Friday, January 13, 2017

Which of These Headlines Is Defamatory?




Takes one to know one.

After American Media Inc. complained that the original headline was "defamatory," Folio: magazine today tweaked the headline on an article about AMI's Star magazine publishing SlimFast ads that masqueraded as articles.

Folio: also published AMI's statement about the article, in which the publisher of National Enquirer and other scholarly journals huffed, "We are very concerned about the defamatory headline and implication in your article, [sic] that falsely states AMI 'pulled' SlimFast ads after a challenge from the Better Business Bureau."

You see, when Star headlined an article about the long friendship of John Travolta and Tom Cruise with "30 Year Gay Secret" even though the article had nothing more than vague references to "gay rumors," that's not defamatory. It's poetic license. (Citing the "bait-and-switch" cover, Gossip Cop gave the article a zero on its accuracy scale.)

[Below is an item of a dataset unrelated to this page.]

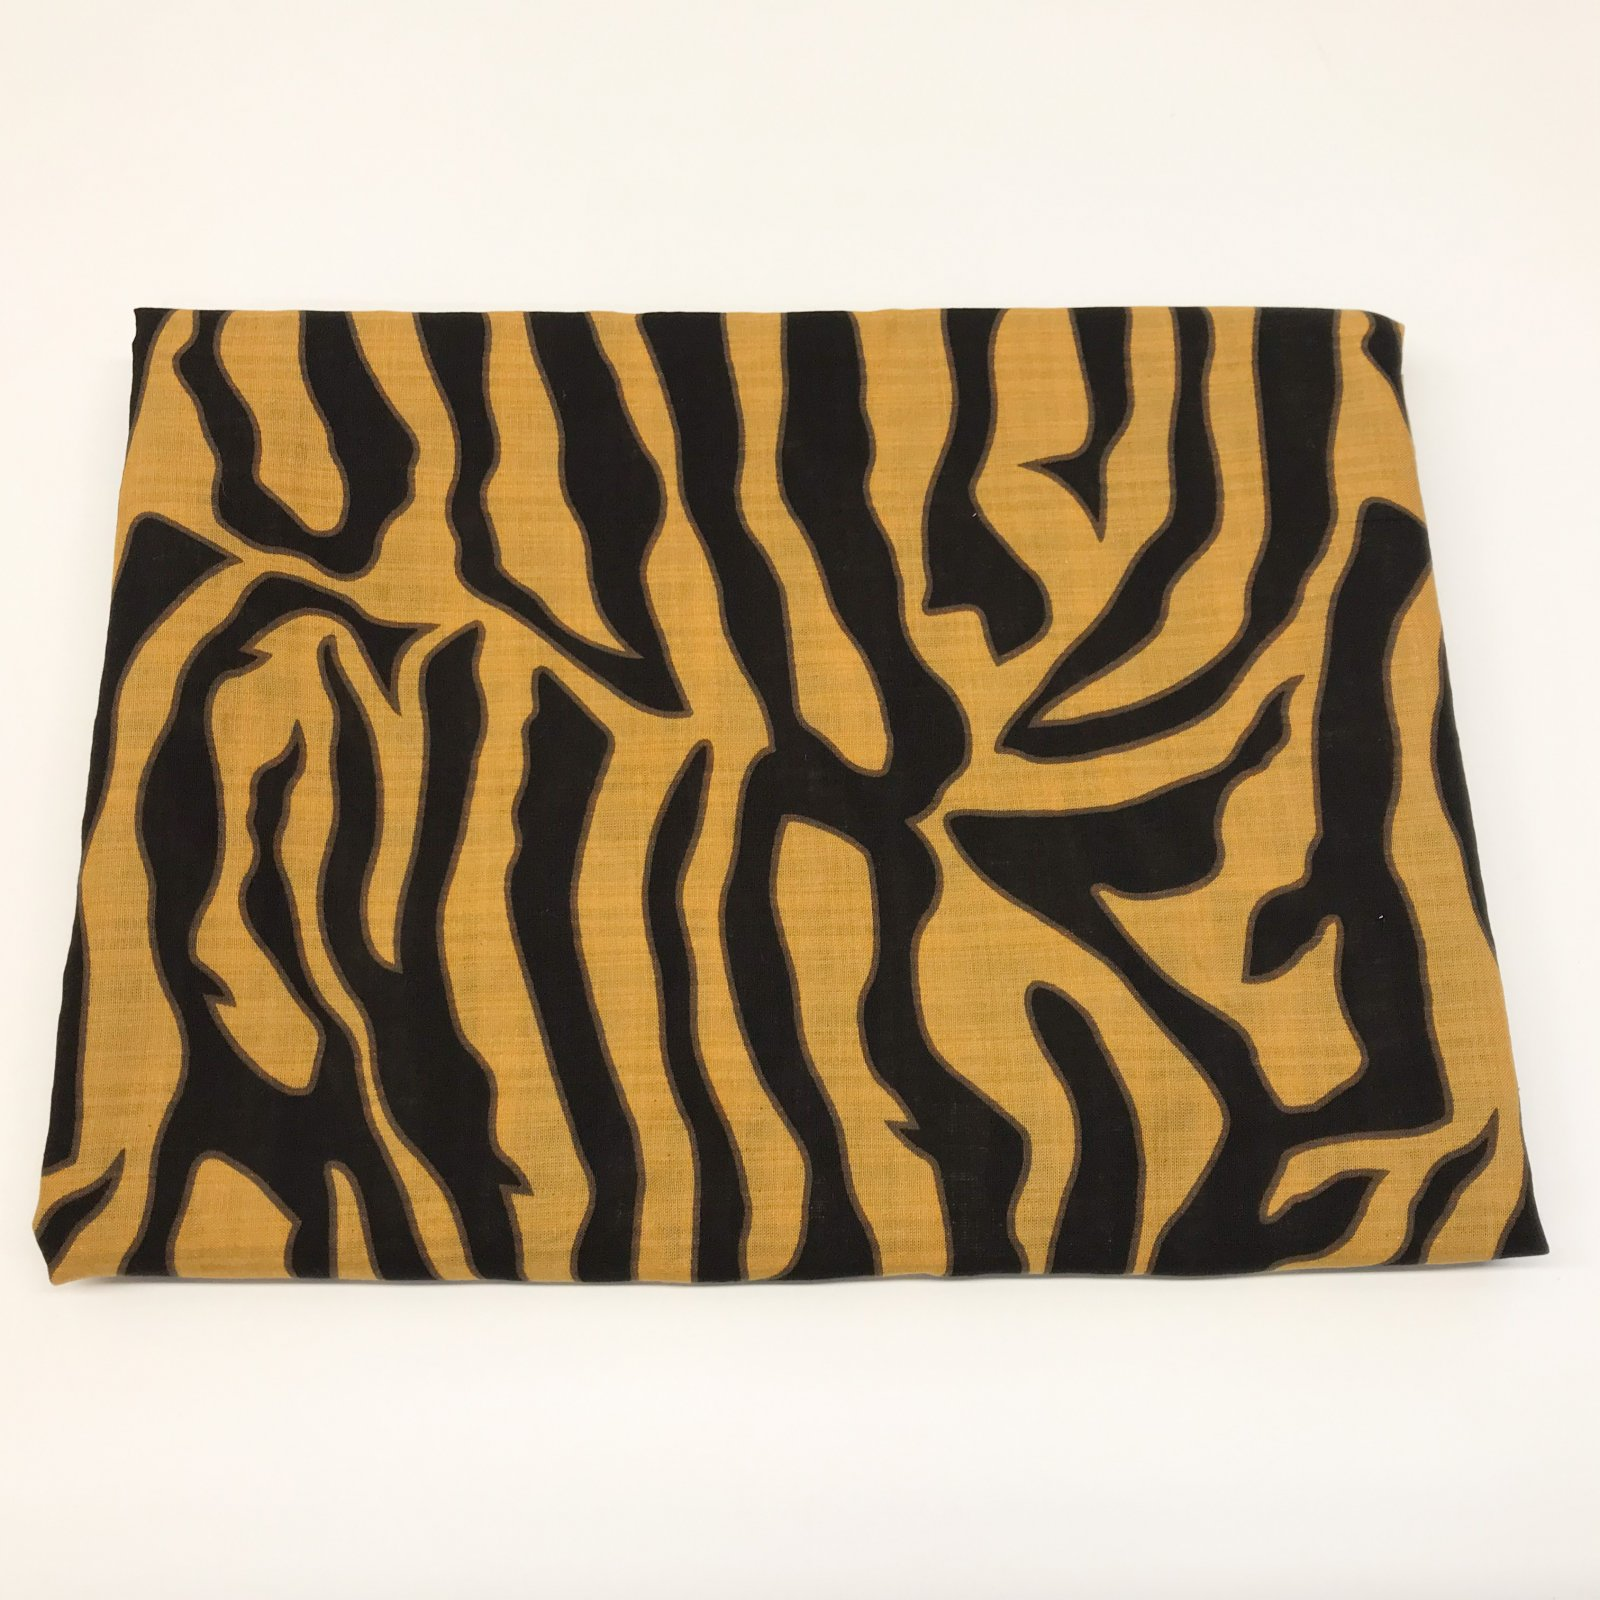 1 yard + 14 inches - Mustard & Black Abstract Zebra

Or when the Enquirer ran one hideously Photoshopped cover image after another during the Presidential campaign to "prove" that Hillary Clinton was about to die from brain cancer, that's free speech.

(As Politico's Jack Shafer wrote, "You don’t have to be a Hillary lover to be repulsed by the Enquirer’s coverage of her; the sicknesses the Enquirer has attached to Clinton would fill a medical encyclopedia—muscular dystrophy, multiple sclerosis, Alzheimer’s, endometriosis and brain damage from her concussion. She suffers from obesity (289 pounds), brain cancer and mental disorders, and has had two strokes, the Enquirer claims.")

But when Folio:, a magazine that covers the U.S. magazine industry, writes "Pulls" instead of "Discontinues," that's a DEFAMATION SHOCKER!, as the Enquirer's headline writers would say. Time to call the lawyers and shoot the messenger.

What Folio: didn't alter was its description and depiction of how AMI's round-heeled business ethics were on display in the SlimFast campaign -- including the factoid that "a number of dubious articles, purportedly written by editorial staffers but almost certainly part of a paid SlimFast campaign, proliferate throughout AMI's portfolio of websites."

But Folio: did add some comic relief to the updated version by publishing AMI's shoot-yourself-in-the-foot statement verbatim, including the comment that the company doesn't think it did anything wrong.